在 c 中使用带有 ** 的指针

Question

I am very new to C and currently having some trouble with pointers and I am not sure if my logic is correct on this question clarification would be great.

Is the second expression legal? Why or Why not? What does it mean?

int** x = ....;
... **x ...

This is all the question gives and I came up with the following answer (I think its in the ballpark)

The int** x will initialize a pointer x to whatever address/value that is after the equal sign. **x ... will dereference the pointer to a value/variable

The question link that was proposed in the edit was just showing the difference between int* p and int *p which is nothing what i asked i understand this already.

Answer 1

int *x is a pointer to int . int** y defines y as a pointer to pointer to int , so it points to a pointer, and the latter points to an int . Example:

int n = 42;
int* x = &n; // points to n
int** y = &x; // points to x, which points to n

In this case y is a pointer to pointer. First indirection *y gives you a pointer (in this case x ), then the second indirection dereferences the pointer x , so **y equals 42 .
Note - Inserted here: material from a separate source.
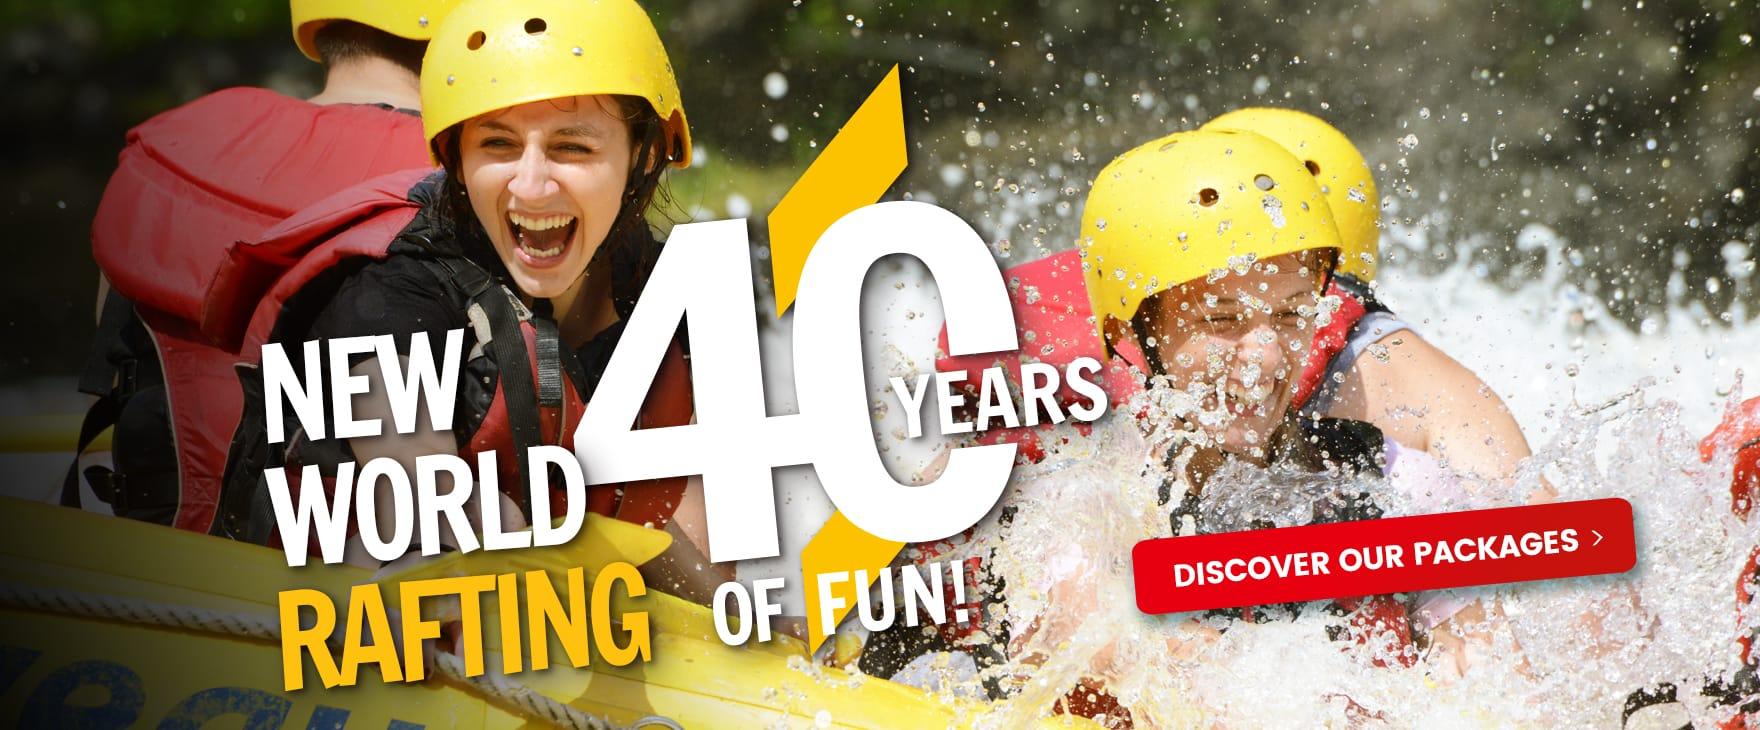 New World Rafting | It's 40 years of fun!
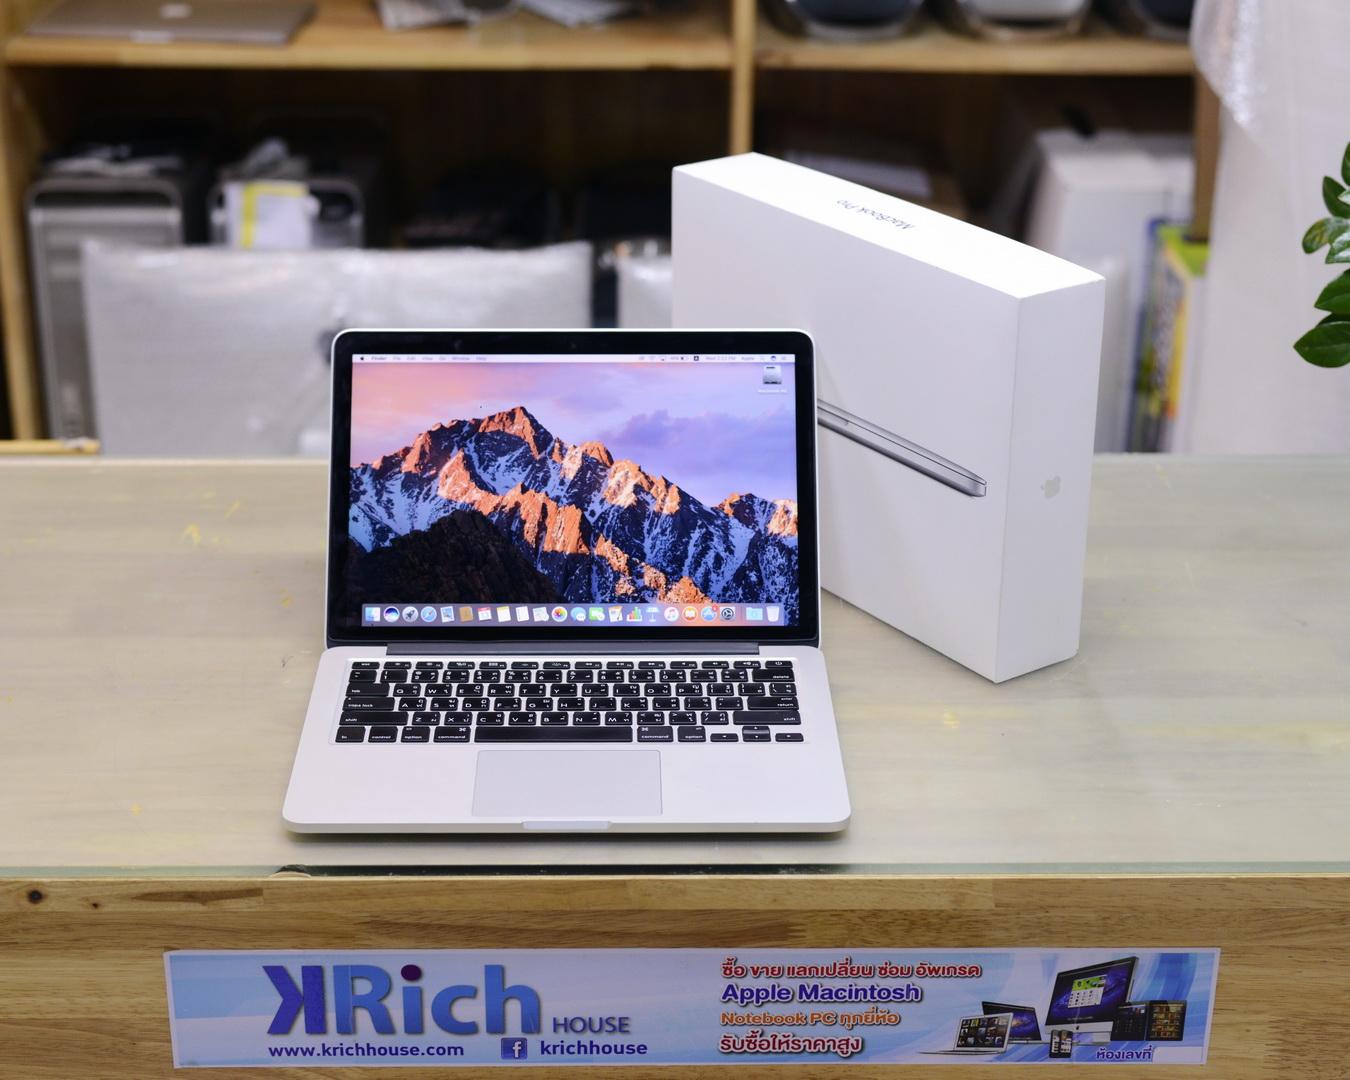 MacBook Pro (Retina, 13-inch, Late 2013) Core i5 2.4GHz RAM 8GB SSD 256GB - Fullbox

Using typedef s makes everything looks simpler, and makes you realize that pointers are themselves variables as any other variables, the only exception being that they store addresses instead of numbers(values):

typedef int* pINT;

int n = 42;
pINT x = &n;
pINT* y = &x; // y is a pointer to a type pINT, i.e. pointer to pointer to int

Answer 2

If you use double * you are telling the compiler you want a pointer pointing to another pointer:

int x = 4;
int *pointer = &x;
int **pointer_pointer = &pointer;
printf("%d\n",**pointer_pointer); // This should print the 4